When accounting for object type and observer identity, the repeatability of elephant behaviour varied between known and novel object tasks depending on which behaviour was assessed. For six behaviours, repeatability across object types was excellent, for one it was good, for five it was moderate and for the remaining two it was poor (Table 4; see Table S2 for behaviour frequencies). Behaviours exhibiting high repeatability were potentially more closely associated with within-individual variation in behaviour than those with lower repeatability. For example, object pick up was highly repeatable (R² = 0.953), suggesting the probability that an elephant picked up an object was highly associated with consistent individual behavioural patterns, irrelevant of the type of object stimulus and after accounting for differences in observational data between observers. Conversely, testing time was only somewhat repeatable (R² = 0.584), meaning a large proportion of the variation in the time an elephant took to pick up the object cannot be explained by elephant personality, and may be better explained by another factor.

4. Discussion

Behavioural observations are commonly utilised in the welfare assessment of captive Asian zoo elephants [33], but here we evaluated their reliability in the context of larger human-employed working populations, using a sizable dataset of 100 elephants. To assess the reliability of behavioural observations for elephant workers possessing various levels of behavioural knowledge, we tested observations carried out by non-specialist observers. From behavioural observations made on 217 videos of 100 elephants, our study has shown that with relatively rapid training, three observers with no prior experience in elephant research or management can reliably identify a series of behaviours relevant to the daily working-life and welfare of MTE elephants. By evaluating the objectivity of behavioural observations using two approaches of estimating reliability, we have shown that observers not only independently agreed on the frequency of all ethogram behaviours at a moderate-to-excellent level (ICC > 0.4), but through repeated observation, they also appeared to be consistent in their recognition of behavioural events. Further, our findings can be generalised to other observers who possess a similarly low level of specialist knowledge [47], showing that newly employed elephant workers have the potential to effectively identify Asian elephant behaviour and contribute to the monitoring of their welfare with little training. Though it could be argued that our observers, being educated biology students, possessed considerably more knowledge of animal behaviour than someone with no scientific training, compared to working mahouts this knowledge is largely theoretical and lacking in any practical or theoretical specialist experience with elephants and/or stress behaviour. Nevertheless, it is possible that our observers still outperform workers entering the mahout and zoo keeper professions without the same formal training or education, so the generality of our results must be considered when extrapolating to other contexts. Further, to ensure observers can reliably identify behaviour across different conditions, such as social interactions, behaviour from non-working contexts should also be tested.

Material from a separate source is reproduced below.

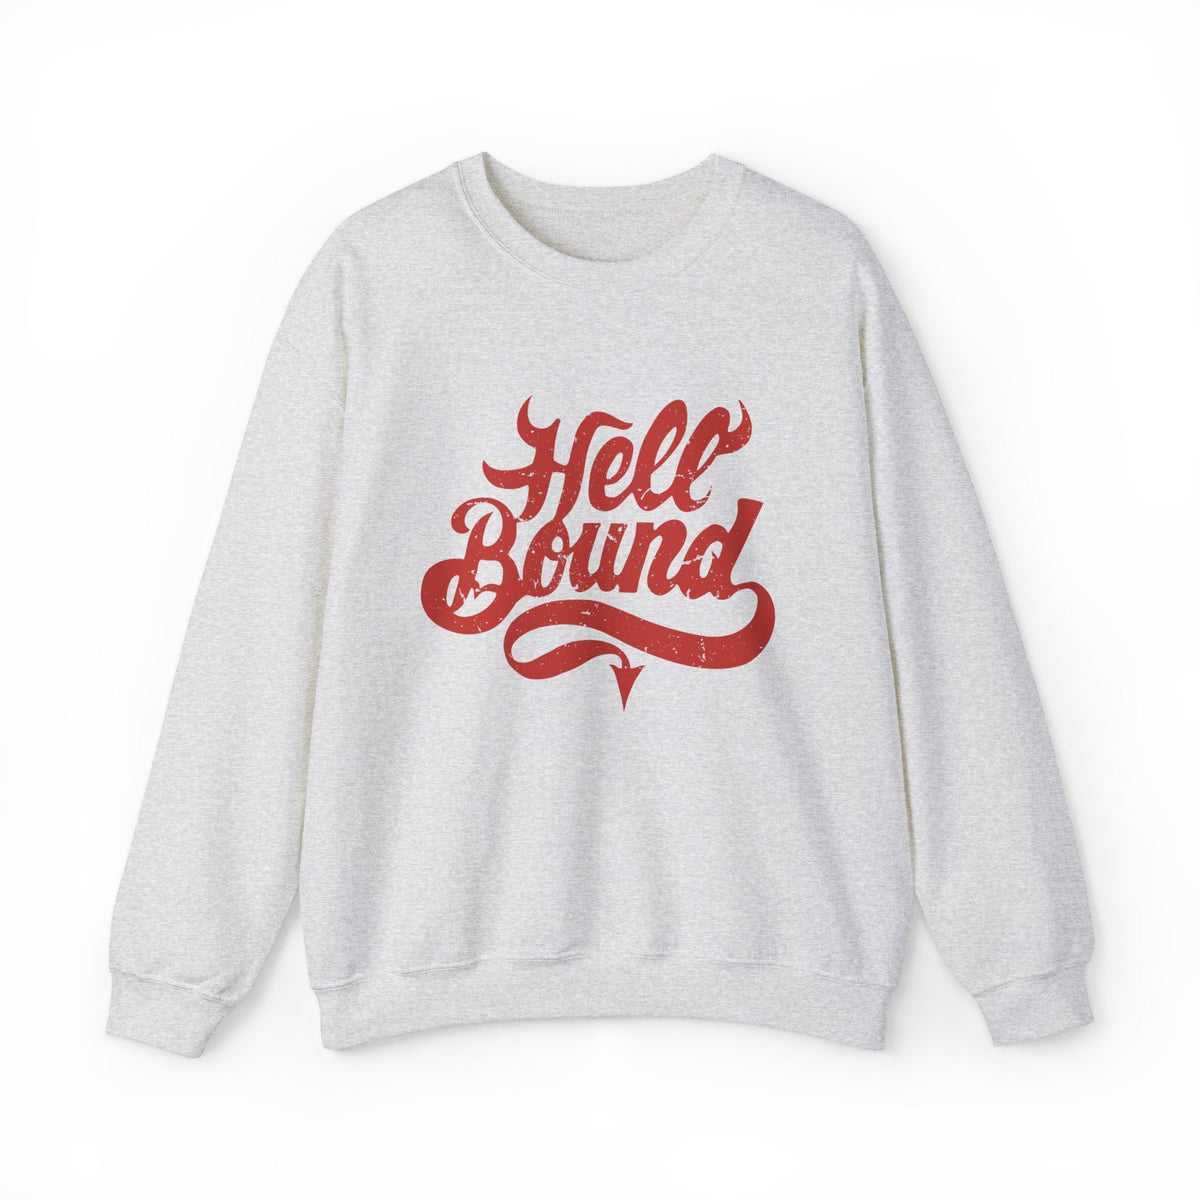 Hellbound Long Sleeve Crew Neck Sweatshirt - Goth Cloth Co.Sweatshirt27582243605455764660
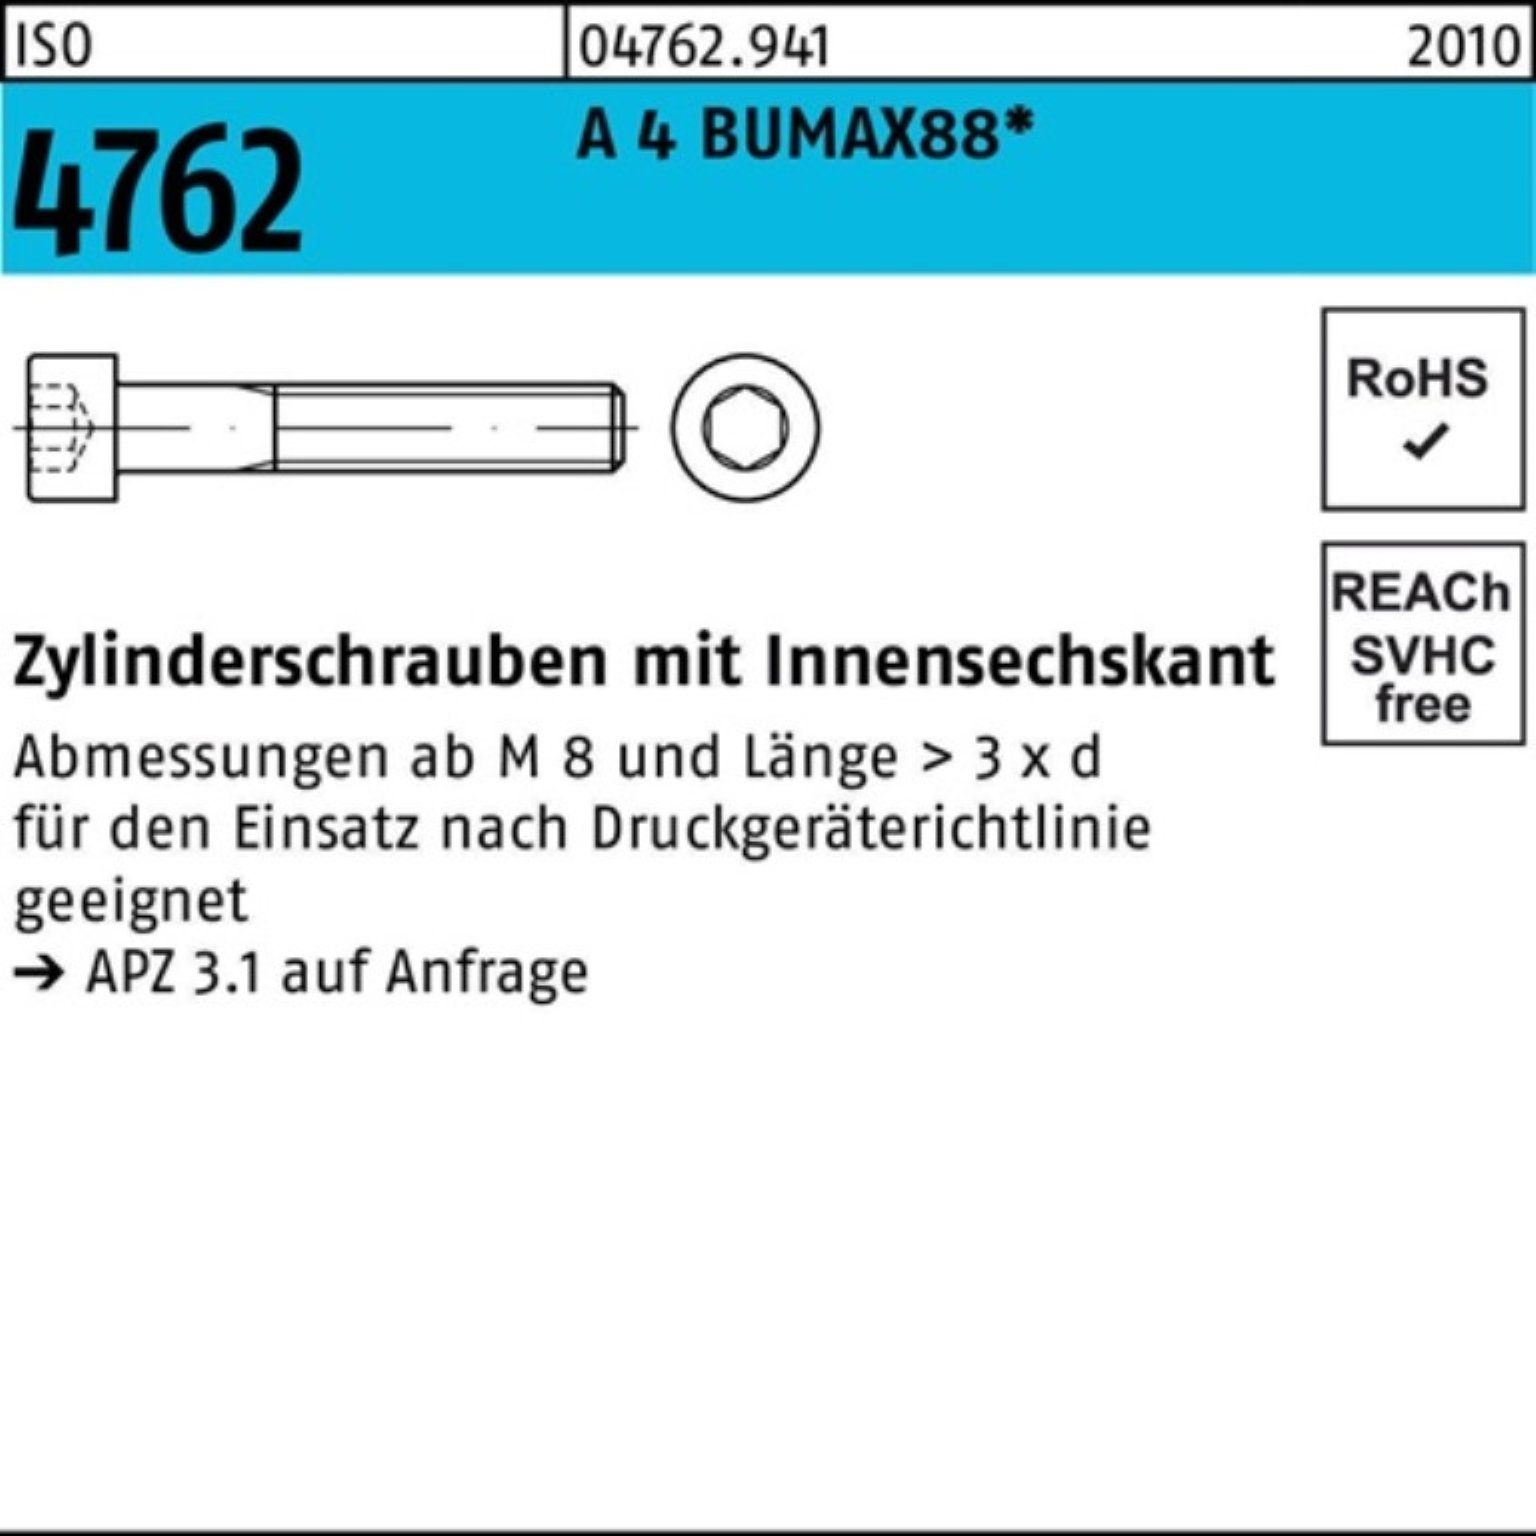 Pack S Innen-6kt 4762 ISO Bufab A 100er 4 35 Zylinderschraube M8x BUMAX88 Zylinderschraube 50

The differences between the frequency of behaviour exhibited between object types (Table S3), while not tested statistically here, supports the notion that the object pick up task did indeed elicit differential behavioural responses. The valency of behavioural responses (their intrinsic ‘goodness’ or ‘badness’) remains unknown at this point, but elephants may react to the novel object with either neophobia, becoming increasingly stressed when commanded to approach and pick up the object, or neophilia, becoming interested in the object and eager to explore/play with it. Being a long-lived, highly intelligent and social species, Asian elephants may exhibit both types of behaviour towards novel stimuli [51]: initially behaving with neophobia to avoid the unknown risks associated with unidentified objects, followed by increasingly explorative neophilia. In our study, elephants took longer to test the novel object on average and held onto it for a shorter time than the known object (Table S3), suggesting they are acting with caution and may perceive the object as a threat. Conversely, elephants also exhibited the behaviours object in mouth and stand on/kick at a higher rate during novel object tasks on average, behaviour that is indicative of object-exploration or play behaviour. However, the frequency of object testing with trunk and object testing with foot behaviours, two exploratory behaviours related to object uncertainty, was low (Table S2), suggesting elephants may not have perceived the object stimuli as unusual—although low inter-observer reliability for these behaviours (Table 2) may imply that this low rate was associated with behaviour identification difficulties. It is unclear whether Asian elephants tend towards neophobia or neophilia, and their response will likely be influenced by their individual personality [52]. To therefore test the valency of behavioural responses, and to identify key behavioural indicators of elephant welfare, the relationship between this ethogram and physiological measures of stress should be examined. It would also be an interesting area for future studies to further explore elephant behaviour when presented with novel objects.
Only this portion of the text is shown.